Reputation: 1418
I'm trying to parse a simil-InkML document. Every content's node has more tuple (separated by comma) with 6 or 7 number (negative and decimal too).
In testing I see that the method character of SAX don't memorize all the data.
The code:
public class PenParser extends DefaultHandler {
//code useless
public void characters(char ch[], int start, int length) throws SAXException {
//begin my debug print
StringBuilder buffer=new StringBuilder ();
for(int i=start;i<length;i++){
buffer.append(ch[i]);
}
System.out.println(">"+buffer);
//end my debug print
In debug, I see that buffer don't contain all the number of the interested tag, but it contain only the first 107 (more or less) char of content of the tag (my rows are not longer that 4610 char): it's strange this cut of char by StringBuffer and SAX parsing, in my opinion.
I had used the StringBuilder too but the problem remain.
Any suggest?
Upvotes: 1
Views: 3068
Reputation: 2575
Yes - that's pretty obvious. characters may be called several times when one node is parsed.

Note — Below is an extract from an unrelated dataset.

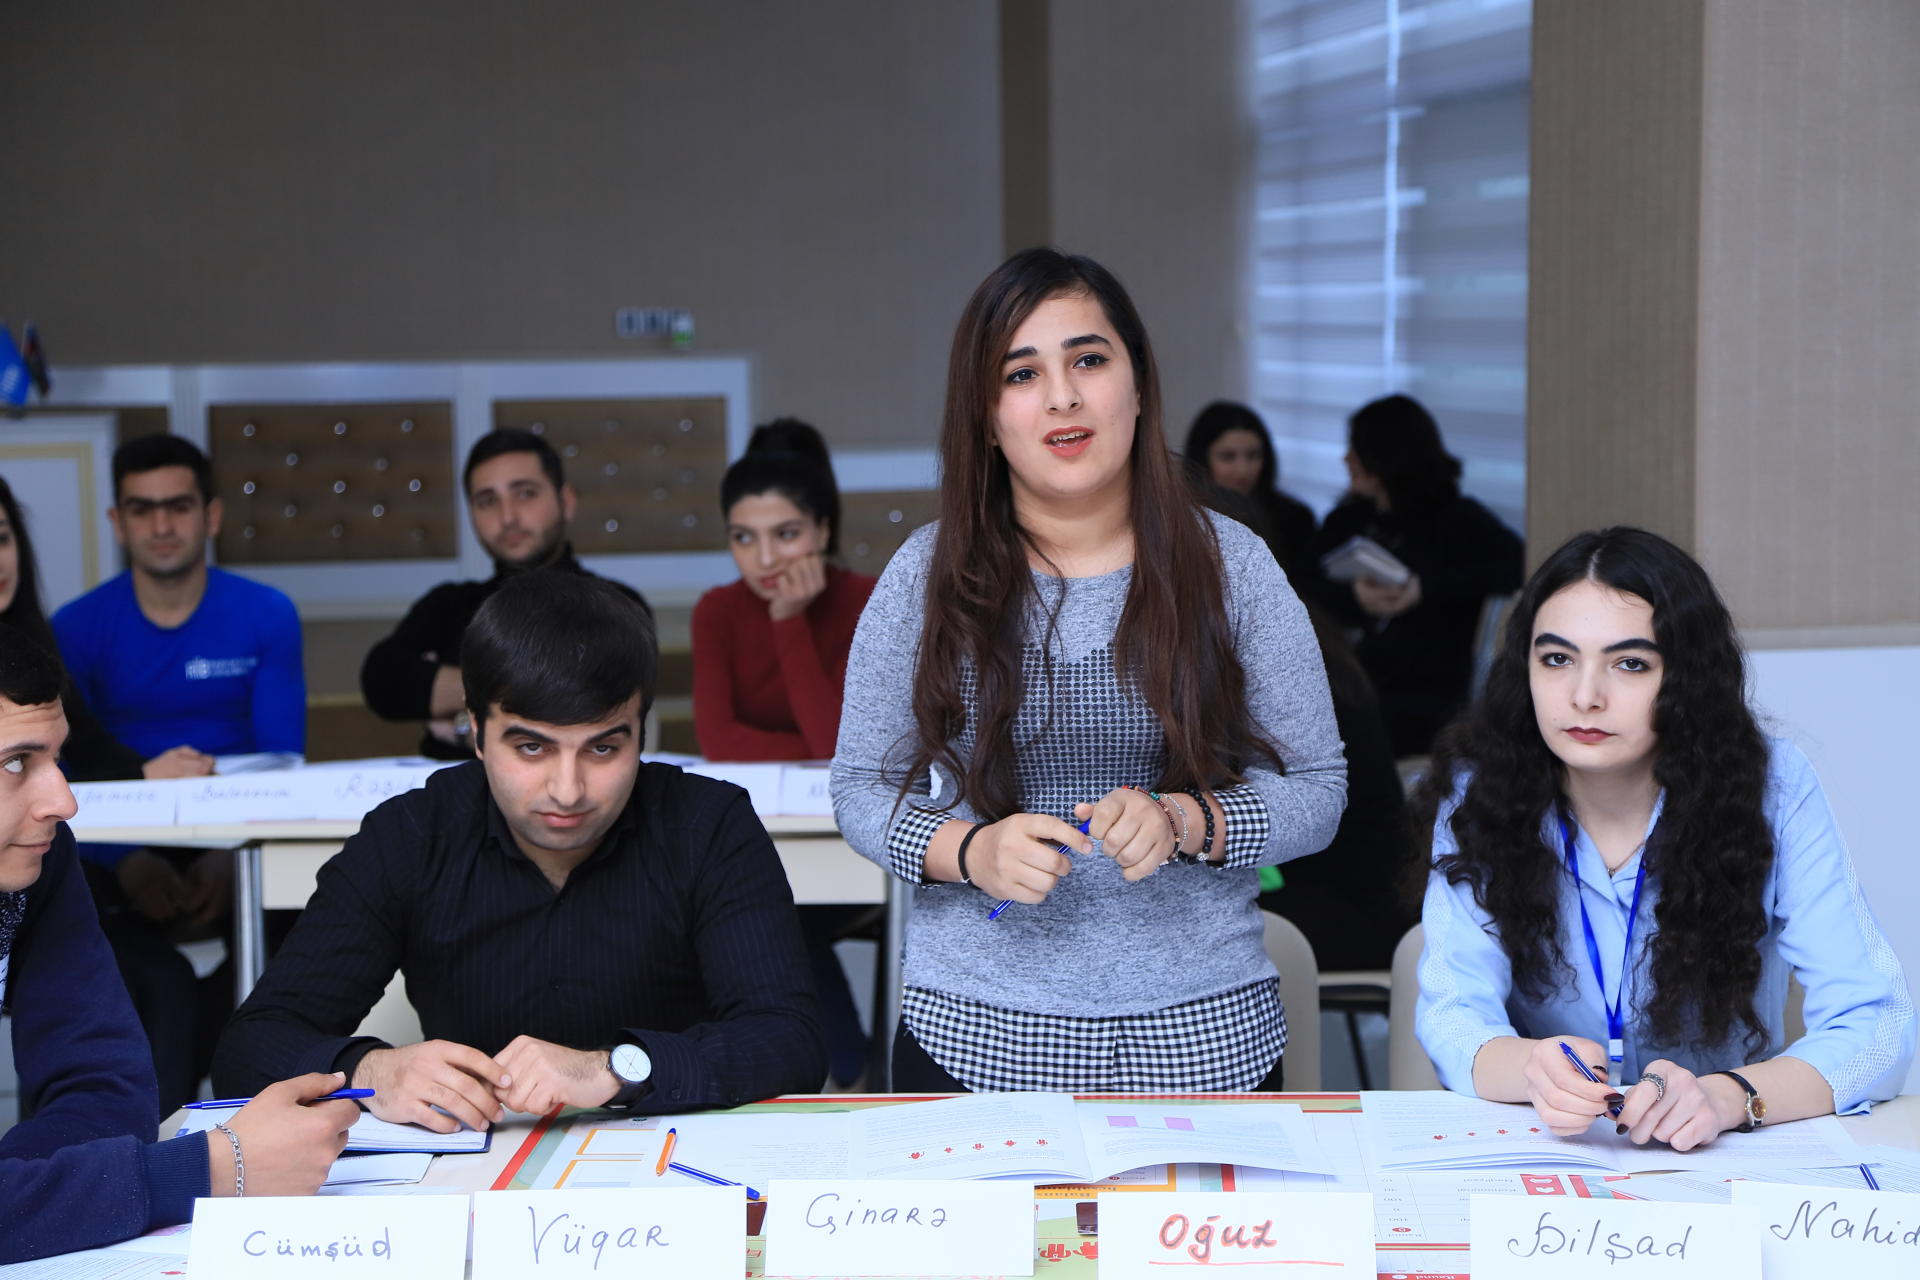 Общественное объединение "Региональное развитие" проводит тренинги по повышению финансовой грамотности в регионах Азербайджана (ФОТО)

You'll have to use the StringBuilder
as member, append the content in characters and deal with the content in endElement
.
edited
btw. you do not need to build the buffer character by character - this is my implementation of characters (which I always use)
@Override
public void characters(char[] ch, int start, int length) throws SAXException
{
characters.append(new String(ch,start,length));
}
... and not to forget ....
@Override
public void endElement(String uri, String localName, String qName)
throws SAXException
{
final String content = characters.toString().trim();
// .... deal with content
// reset characters
characters.setLength(0);
}
private final StringBuilder characters = new StringBuilder(64);
Upvotes: 9